Solar Powered Water Heater

Jacob Aucoin

Nicholas Chua

Dijon Hill

Harold Nero

Due Date: 10/24/2014

Page 2: Solar Can Heater Project

ABSTRACT

This report is about the successful development of a prototype hot water heater using beverage cans and

other materials within the range of a budget. In order to remain in budget, research on possible materials that

can be used to build this prototype cost effectively was necessary. After completing our search, we narrowed

down the best options for the project before proceeding to the building phase. The idea was to make the exterior

box as cheap as possible so we could invest into the performance of the actual system that is within the box. We

discovered hiccups along the way as we began to build this solar powered water heater and wasted no time in

correcting those issues. After everything in the unit was in place, we tested the flow rate and temperature

change various times to ensure our efforts were not in vain. When testing gave back positive results we were

confident that we made a unit that gave us the results necessary to pass the in class testing while managing to

remain within budget

INTRODUCTION

Of the numerous problems that this project brought to the table, we managed to face each one head on

and conquer them one by one.
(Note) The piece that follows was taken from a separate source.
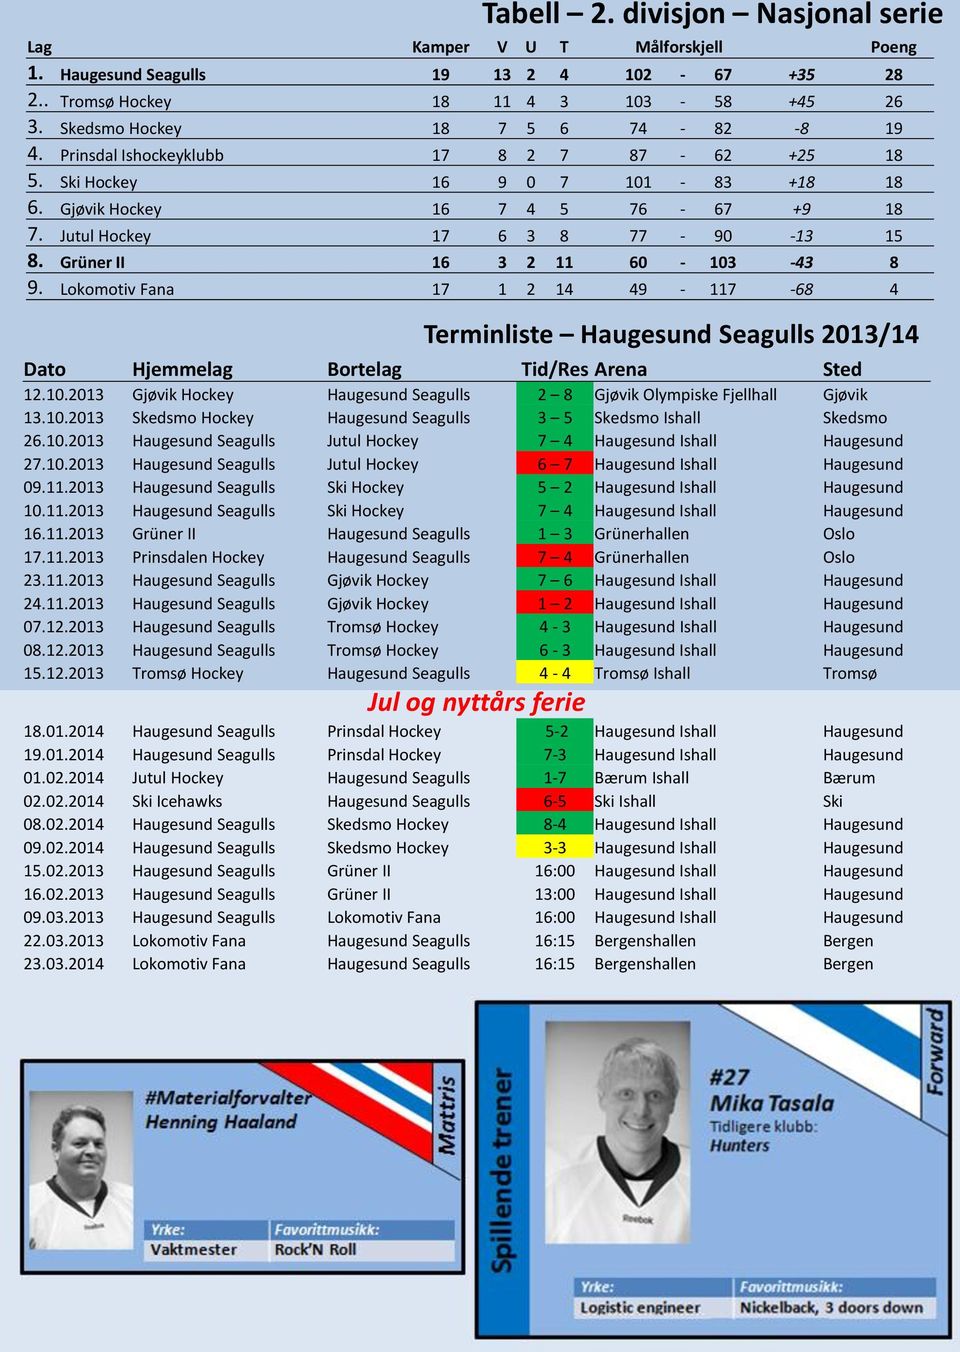 Lokomotiv Fana 17 1 2 14 49-117 -68 4 Terminliste Haugesund Seagulls 2013/14 Dato Hjemmelag Bortelag Tid/Res Arena Sted 12.10.

One problem, that remained ever-present, was not exceeding our budget of $75.

The first problem was determining a reasonably sized prototype even though we were given maximum

dimensions of 4ft x 8ft x 1ft. For our purposes, we quickly came to the conclusion of simply halving the

maximum dimensions given to us by our instructor at the height, length, and depth of 2ft x 4ft x 0.5ft. Although

briefly stated in the previous section, part of our analysis for this project was to determine the materials we

would use to build our prototype. We determined many options for different parts of the project to be very

effective but we soon found out that the best route would not always keep us below budget. Keeping the budget

in mind made the selection of materials easy because the majority of the options out there were more than likely

going to take us over our predetermined $75 budget.

We already knew that this budget included the value of cans and all parts, including “found” and

“repurposed” items. Later on in our analysis, the cost of labor and overhead would also have to be considered.
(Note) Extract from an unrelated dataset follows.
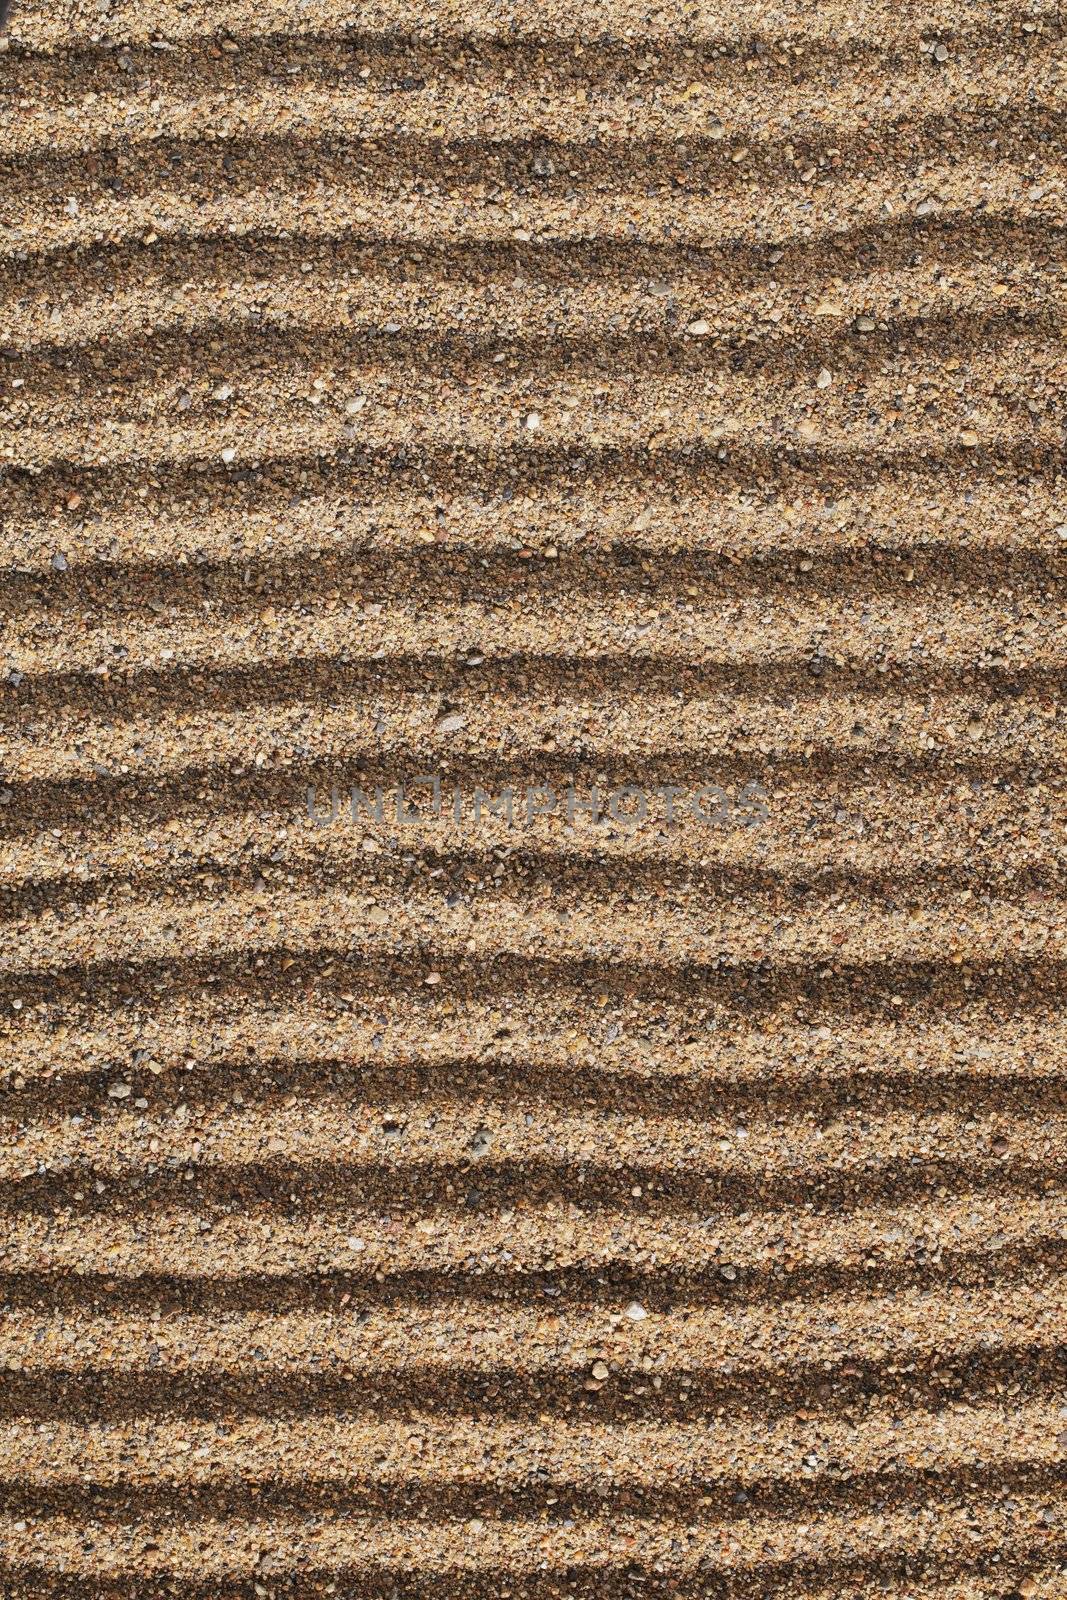 Horizontal lines drawn into coarse sea sand.

The design is constrained by the flow rate and temperature increase. The minimum flow rate is ½ gallons per

minute and the minimum change in temperature, from entrance to exit, must increase 5 to 12 degrees. Part of

our analysis was realizing that the prototype was mainly constrained by the cost, so the goal was to build a

sufficiently large box that could be cheaply sealed to increase convection within the box heated by black cans.
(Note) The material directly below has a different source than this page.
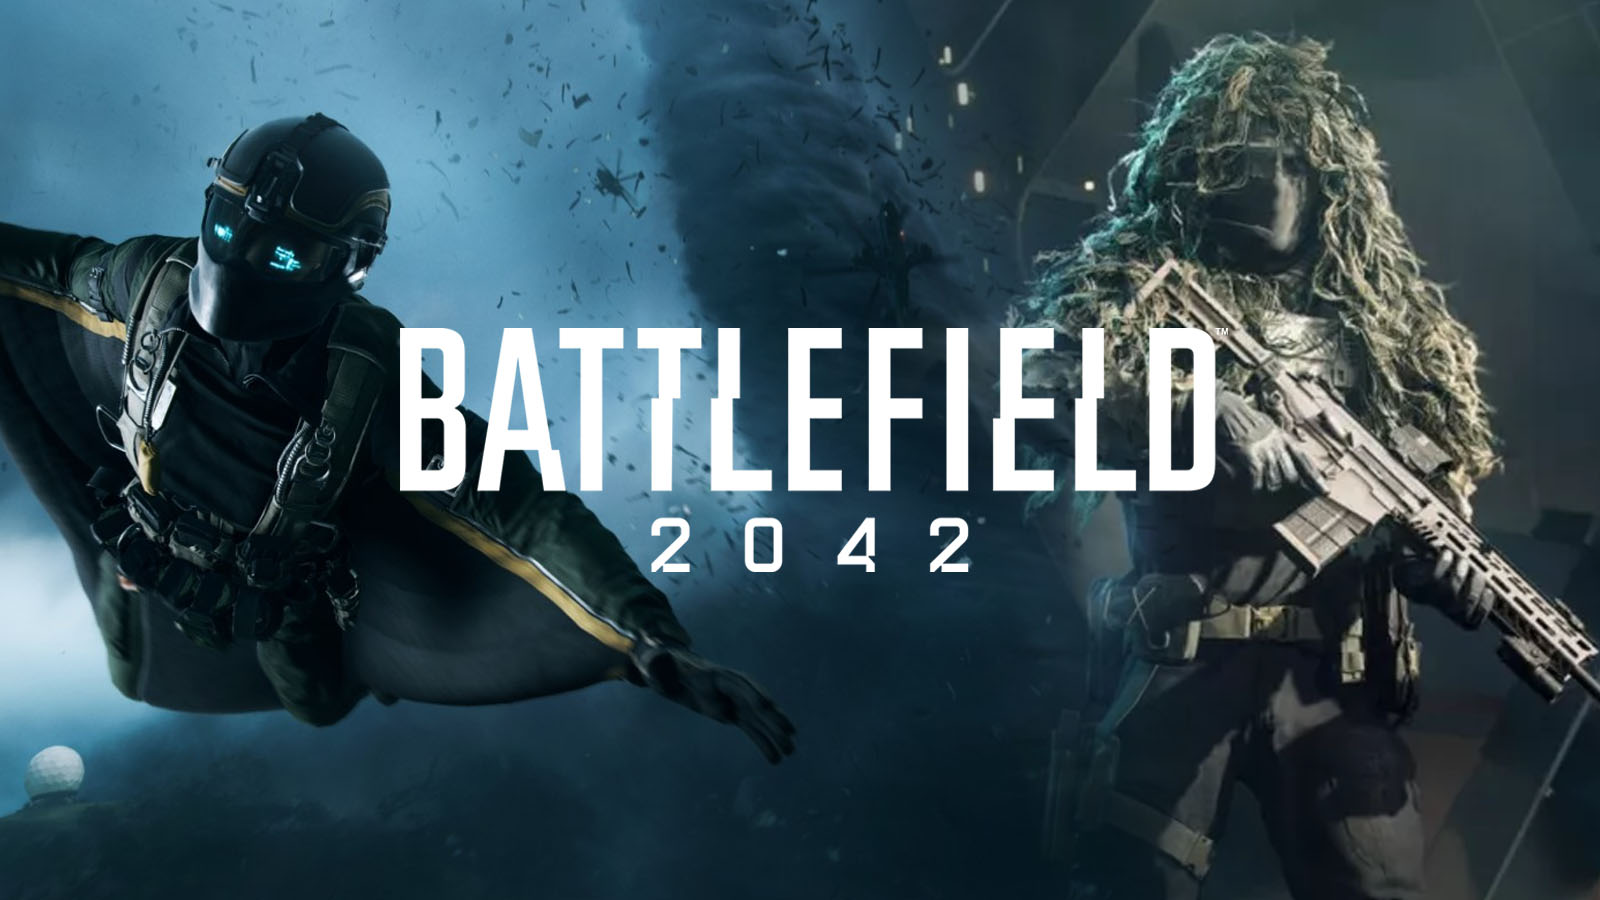 Battlefield 2042 Won't Have Campaign Or Battle Royale Modes

Ideally, we wanted water touching aluminum for better conduction, but the added cost of sealing cans water

tight or running water through faster to avoid leaking was more trouble than it was worth. Through further

thought, we realized that this would be corrected with the particular type of hosing that was used. So instead, we

relied on the convection within the box to help transfer the heat threw a ½” plastic tube running through rows of

black cans. This added reliability and helped maintain the required flow rate. Our design has a leak-free tube

running through rows of cans. What sets our prototype apart, is the well-sealed box and large number of cans.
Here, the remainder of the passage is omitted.